Ubiquitin-specific protease 7 (USP7) has been implicated in cancer progression and neurodevelopment. However, its molecular targets remain poorly characterized. We combined quantitative proteomics, transcriptomics, and epigenomics to define the core USP7 network. Our multi-omics analysis reveals USP7 as a control hub that links genome regulation, tumor suppression, and histone H2A ubiquitylation (H2AK119ub1) by noncanonical Polycomb-repressive complexes (ncPRC1s). USP7 strongly stabilizes ncPRC1.6 and, to a lesser extent, ncPRC1.1. Moreover, USP7 represses expression of AUTS2, which suppresses H2A ubiquitylation by ncPRC1.3/5. Collectively, these USP7 activities promote the genomic deposition of H2AK119ub1 by ncPRC1, especially at transcriptionally repressed loci.

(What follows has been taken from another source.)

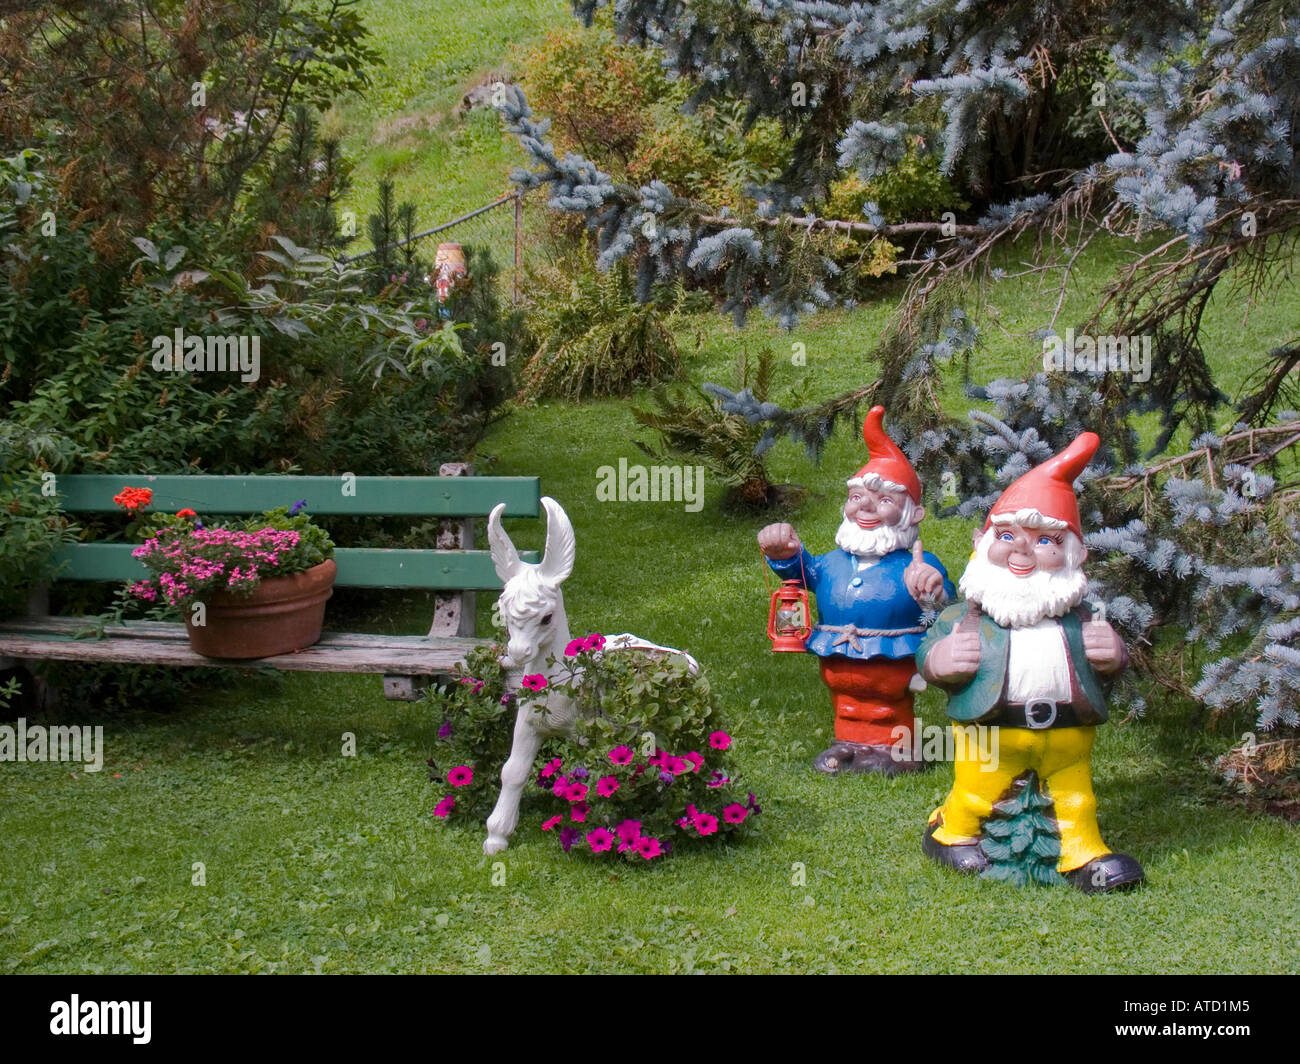 Garden gnomes and flowers in yard Gimmelwald Switzerland Stock Photo

Notably, USP7-dependent changes in H2AK119ub1 levels are uncoupled from H3K27me3. Even complete loss of the PRC1 catalytic core and H2AK119ub1 has only a limited effect on H3K27me3. Besides defining the USP7 regulome, our results reveal that H2AK119ub1 dosage is largely disconnected from H3K27me3.

Abstract

Ubiquitin-specific protease 7 regulates histone H2A ubiquitylation and gene repression by the Polycomb system.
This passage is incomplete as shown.